Take a minute to marvel at the incredible complexity and resilience of a very familiar sight: the chicken egg. An egg’s shell is strong enough to not fracture from the outside, despite being quite thin, while at the same time being weak enough on the inside to allow a chick to hatch. What’s its secret? According to Canadian researchers at McGill University, it’s all in the eggshells nanostructure.

Eggshells in Prof. McKee's lab. Credit: McGill University.

Eggshells in Prof. McKee’s lab. Credit: McGill University.

In order to find out what makes a bird’s eggshell so unique, an interdisciplinary team comprised of dentistry researchers and engineers meticulously prepared eggshell samples, studying both their molecular nanostructure and mechanical properties. This was more challenging than it sounds. Because eggshells are so fragile, they easily break when you try to cut a slice for imaging by electron microscopy. The team solved this problem by using a focused-ion beam sectioning system to elegantly cut thin slices of eggshells and image their interior.

“Eggshells are remarkable in the world of biomineralization as they are one of the fastest know biomineralizing systems that we know of — a laying hen forms a 6-gram eggshell in about 17 hours almost every day.
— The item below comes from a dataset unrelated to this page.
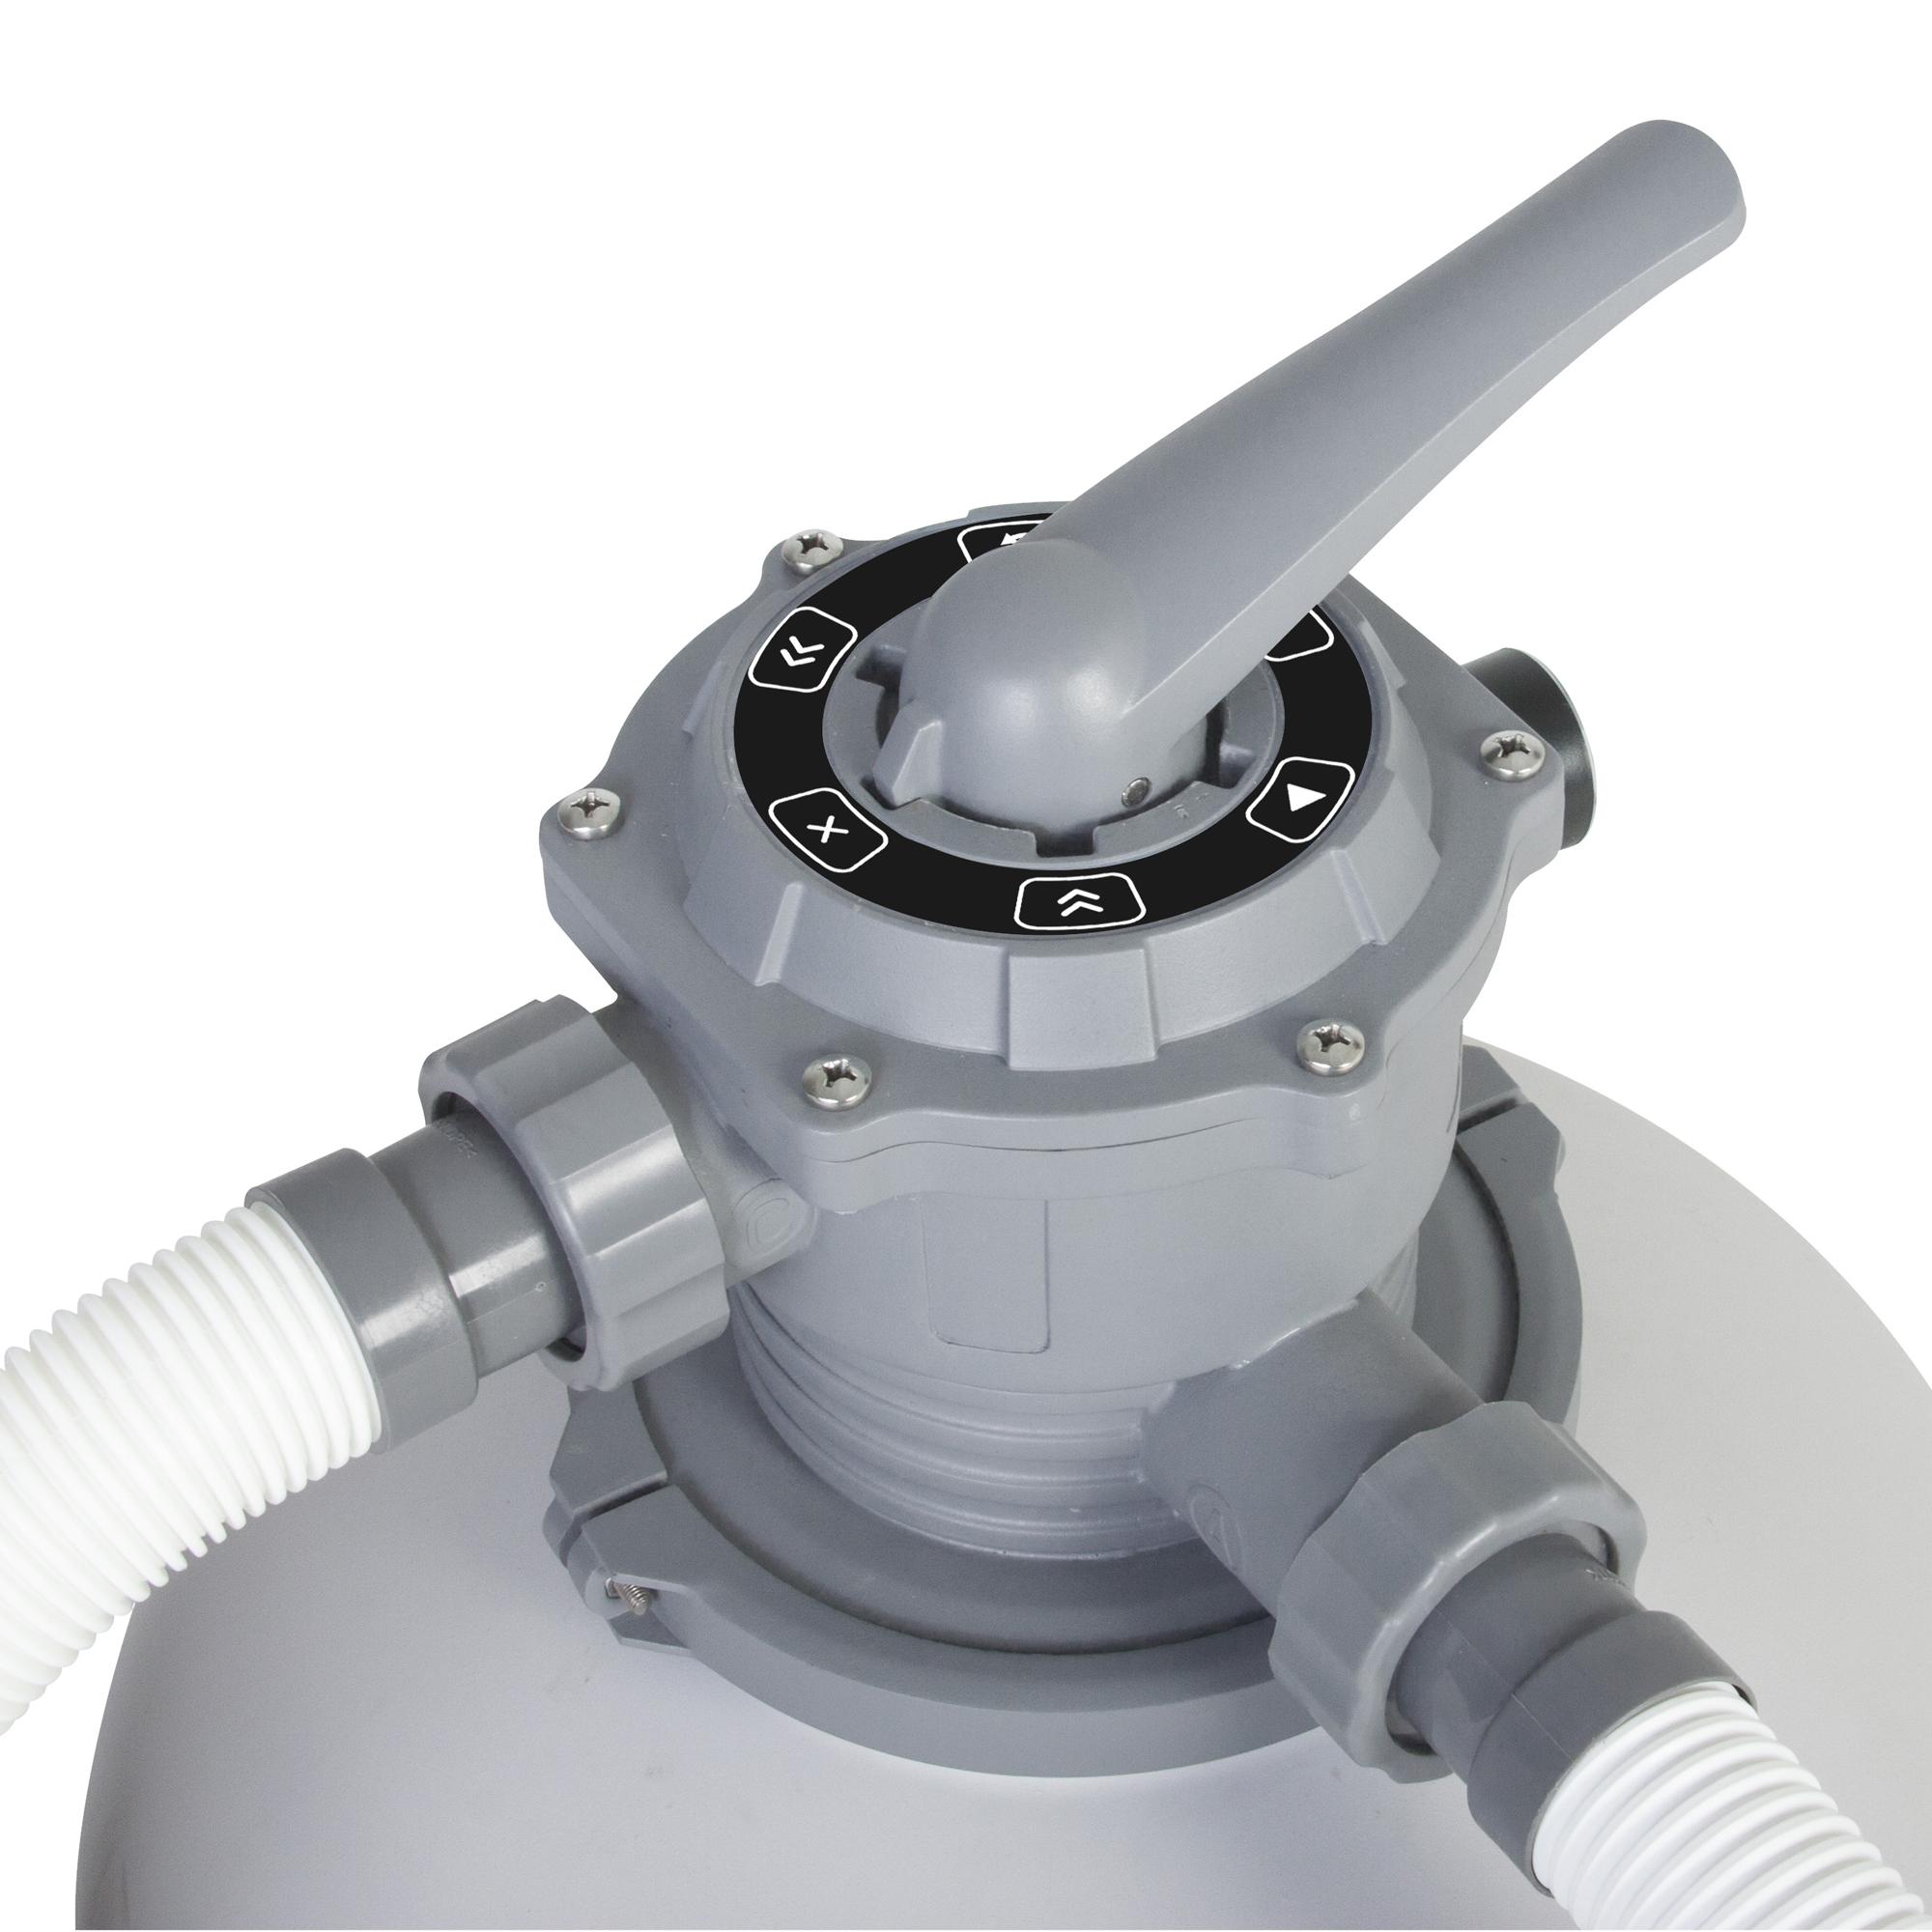 bestway flowclear sandfilterpumpe l h pool sand filter pumpe 2000gal ebay. Black Bedroom Furniture Sets. Home Design Ideas

We were fascinated about how an eggshell could form so fast, and what its internal structure was like,” Marc McKee, a professor in McGill’s Department of Anatomy and Cell Biology and co-author of the new study, told ZME Science.

“We now have the research tools to cut very thin sections of the shells (a focused-ion beam that cuts just about anything), and this prevented the shell from shattering when we tried to cut it using previous methods.  With this very thin section, we were able to identify a fascinating subunit nanostructure within the interior of the shell using atomic force microscopy and electron microscopy. The ‘Aha’ moment was when we saw the nanostructure by various microscopies!  When had guessed it might be true because of the unique properties of the eggshell, but then we actually saw it, ‘Aha!’,” McKee added.

When a hen lays an egg, it is sufficiently hard not to break during brooding. As the embryo inside the egg develops, the inner portion of the shell dissolves to provide precious calcium, which the chick needs to grow bones. At the same time, this process weakens the shell enough for it to be broken by the hatching chick. McKee and colleagues learned that this dual-function is enabled by changes in the shell’s nanostructure during incubation. Specifically, the researchers singled out a nanostructured mineral associated with osteopontin — the eggshell protein also found in bones — as of the main factors driving shell strength. During an experiment, the researchers recreated a similar nanostructure in the lab by adding osteopontin to mineral crystals.

“Since we were able to reproduce something similar to the eggshell nanostructure in the laboratory setting by growing our own synthetic crystals in the presence of the eggshell protein osteopontin, this means that we can control nanostructure size of mineral in a protein matrix – thus making a nanocomposite biomaterial.  Nanocomposites, in general, are known for their strength and hardness, light weight and versatility and have many benefits and applications in many fields,” McKee said.

There are many potential applications to the findings. Understanding the role certain proteins play in the eggshell hardening process has important implications for food safety — cracked eggs have an increased risk of Salmonella poisoning, for instance. The findings could also open the door for a new class of eggshell-inspired composite materials that are both strong and lightweight.

“Because we could partly recreate eggshell structure in calcite mineral in the lab setting, this may allow us the ability to intentionally produce new nanocomposite materials with desirable properties.  Nanocomposites have amazing unique properties, and many new nanomaterials are being developed by many industries.  They are often strong and lightweight, amongst many other properties.  Of course, in the food industry, having a strong and tough eggshell will prevent cracks that allow pathogens access to the egg that might cause food poisoning.  Understanding more about shell nanostructure will allow us to select for strains of hens that consistently produce stronger eggs,” McKee told ZME.

In the future, researchers plan “to understand the mechanism of how the protein osteopontin controls the nanostructure and strength of the shell,” Mckee said.

“It is exciting because we are learning from Nature and 100s of millions of years of evolution how nanostructure provides optimal material properties for things as seemingly delicate as an avian eggshell.  In fact, the shell is remarkably strong and tough to serve its function, but also is finally delicate enough at a certain point in time to allow the chick to hatch from the egg by breaking the shell from the inside-out, all this results from nanostructure in general, and differences in nanostructure across the shell thickness.  As a biological nanocomposite, the interplay between a protein matrix and mineral provides unique and ideal properties for a shell structure that has persisted since the time of the dinosaurs,” the researcher concluded.

The findings were published in the journal Science Advances.